Он прыгнул! Прыгнул!
На земле отец молча помог Димке отстегнуть парашют, помог отряхнуть пыль с брюк. А Димка был не в силах удержаться — губы его так и растягивались в улыбке.
— Пошли, — сказал отец и жестко взял Димку за руку. Потом повернулся к Лебедеву, который уже успел спуститься с вышки.
— С вами, Лебедев, я поговорю после. Вы у меня посамовольничаете. — Он сказал это раздельно и тихо. Такая у него была манера. Когда Димкин отец сердился, он не кричал. Он начинал говорить совсем тихо. Это было неожиданно и пугало.
— Я вижу, вы все добиваетесь, чтобы я вас наказал. Можете считать, что вы этого уже добились.
Лебедев выслушал слова отца покорно, понурившись, но когда тот отвернулся, неожиданно весело подмигнул Димке. То ли он думал, что отец лишь пригрозит да забудет, то ли уже привык к наказаниям. И Димка тоже подмигнул ему в ответ.

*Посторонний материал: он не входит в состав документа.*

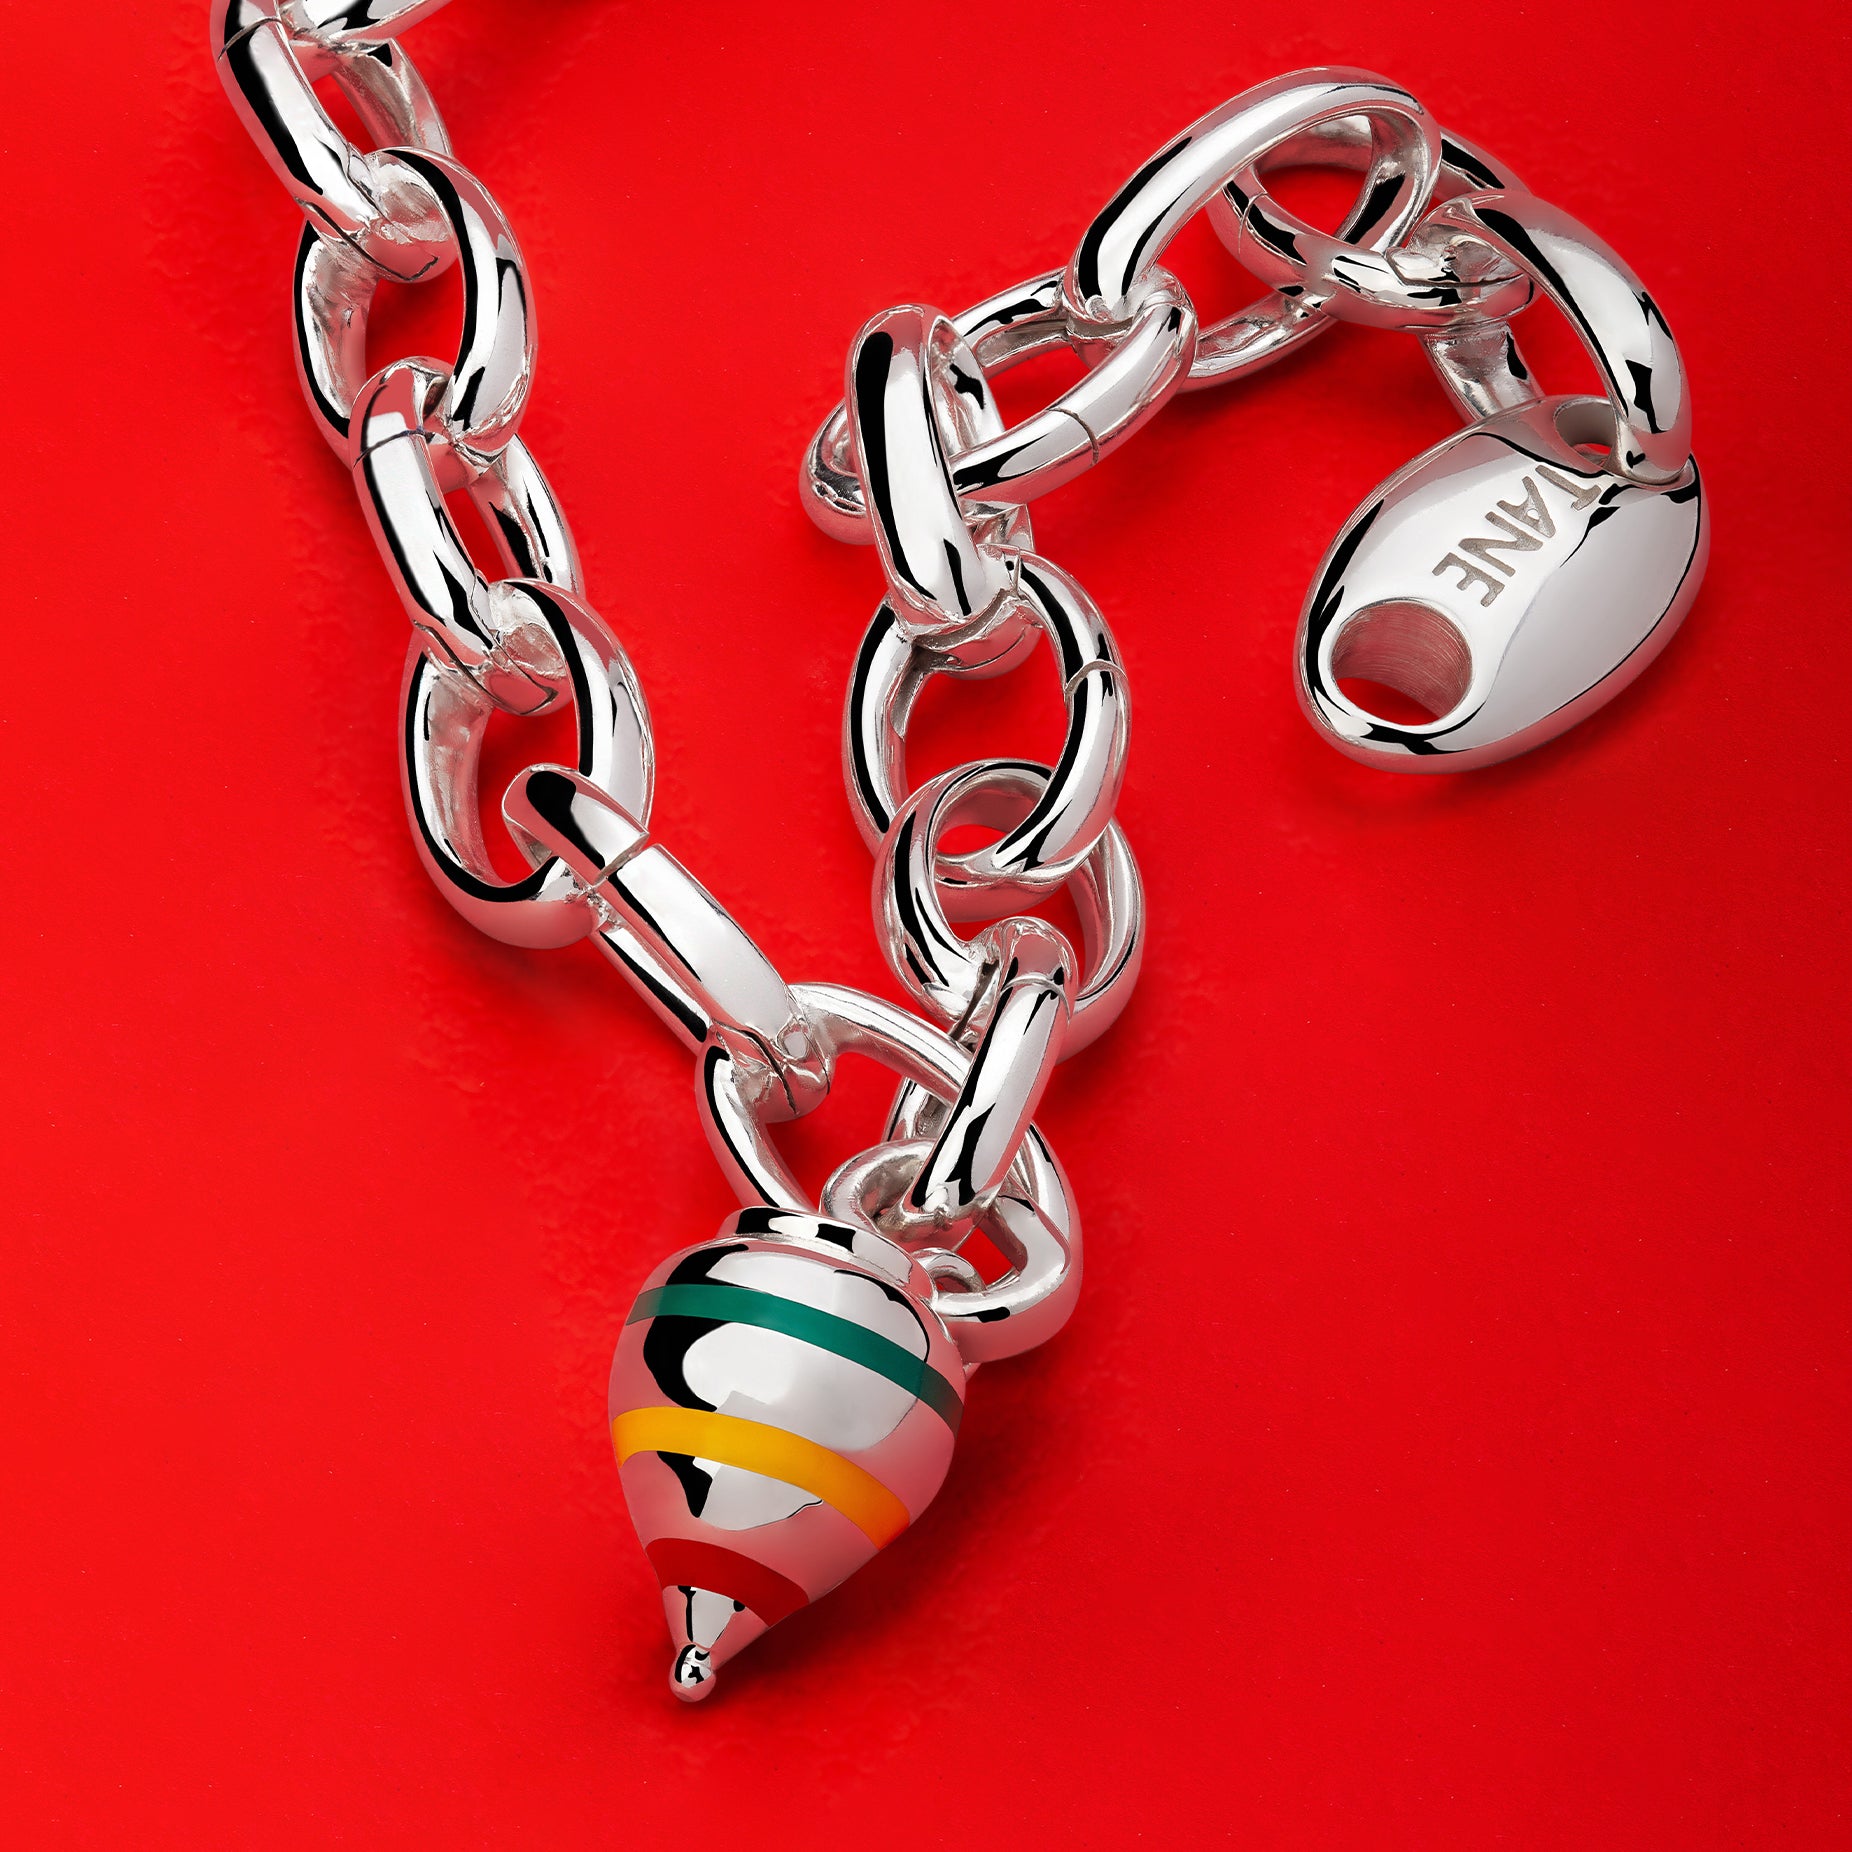 SPINNING TOP CHARM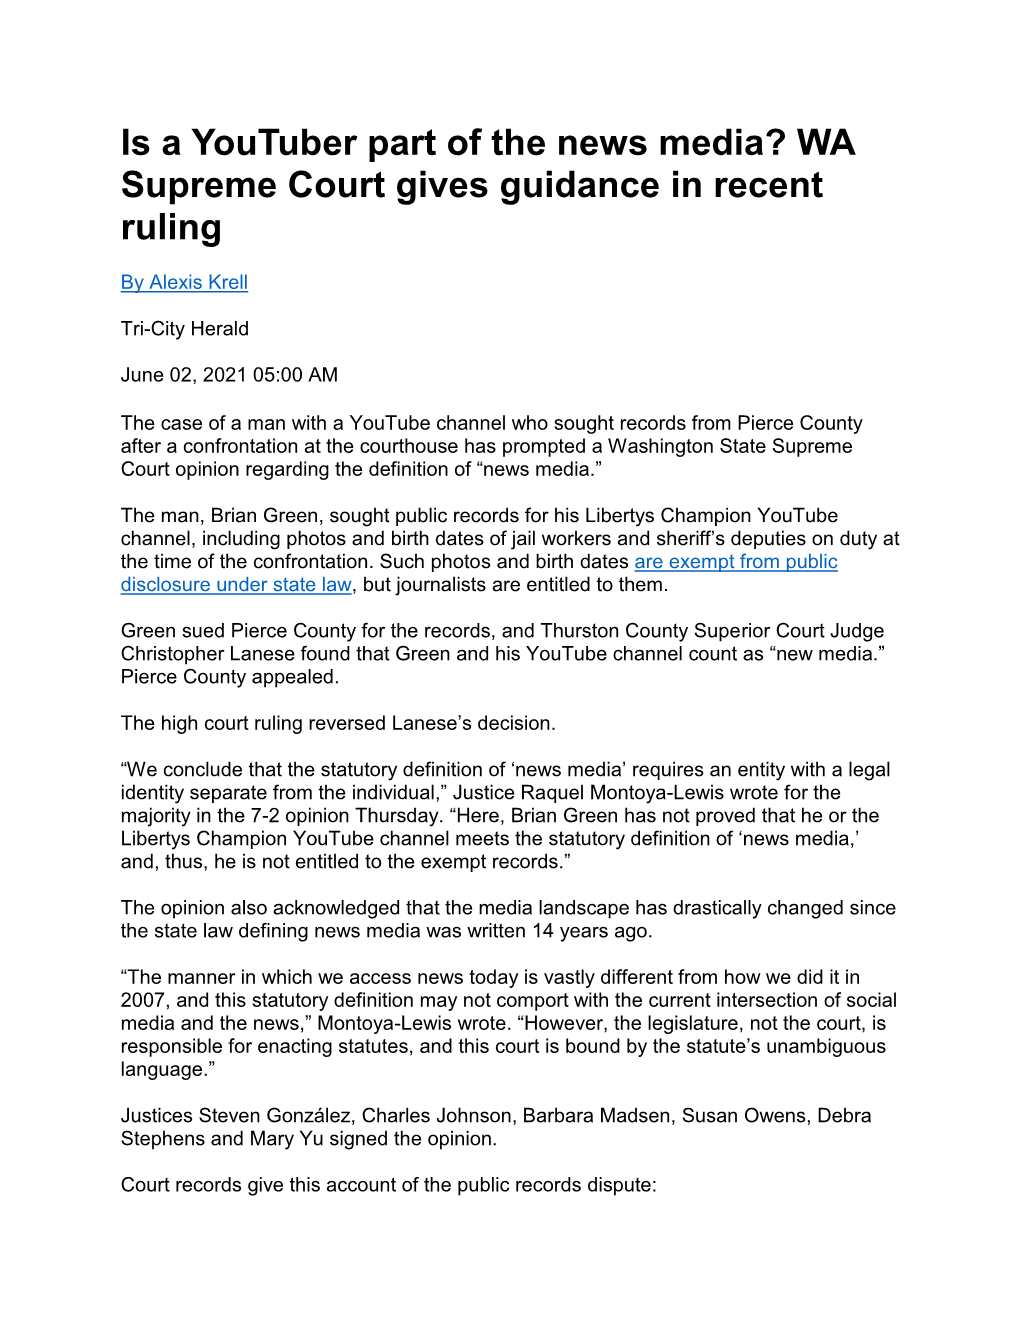 Is a Youtuber Part of the News Media? WA Supreme Court Gives Guidance in Recent Ruling

Они пошли к дому. Отец молчал, и Димка знал, что это не предвещает ничего хорошего, но все равно радость распирала его. Встречные солдаты с интересом посматривали на Димку. Может быть, они видели, как Димка прыгнул с вышки. Солдаты чуть замедляли шаг и четко вскидывали руку к пилотке. Наверно, им нравилось отдавать честь Димкиному отцу. Нравилось, что у них такой командир. И еще, наверно, нравилось, что у их командира такой сын.
3
Димка чувствовал, как рука, которая сжимала его запястье, то слабела, становилась мягче, то вдруг снова твердела. Видимо, отец то отходил, переставал сердиться или просто отвлекался, начинал думать о чем-то другом, «отключался», как говорила в таких случаях мама, то вдруг спохватывался: снова вспоминал о Димке, о Лебедеве, о парашютной вышке.
Он все молчал, и Димка тоже не решался заговорить первым.
Димка давно не видел отца таким сердитым. Он даже не знал толком, каким бывает отец, когда сильно рассердится. Вот мама, когда сердится, она кричит сначала, потом плачет и жалуется, что зря потратила на Димку всю свою молодость. Бабушка — та не плачет, бабушка, когда сердится, рассказывает поучительные случаи из своей жизни и ставит себя в пример. И еще бабушка всегда повторяет, что Димке не хватает мужского воспитания.
Теперь, шагая рядом с отцом, Димка с интересом ждал, когда же начнется это мужское воспитание. Ему совсем не было страшно, ему было только любопытно.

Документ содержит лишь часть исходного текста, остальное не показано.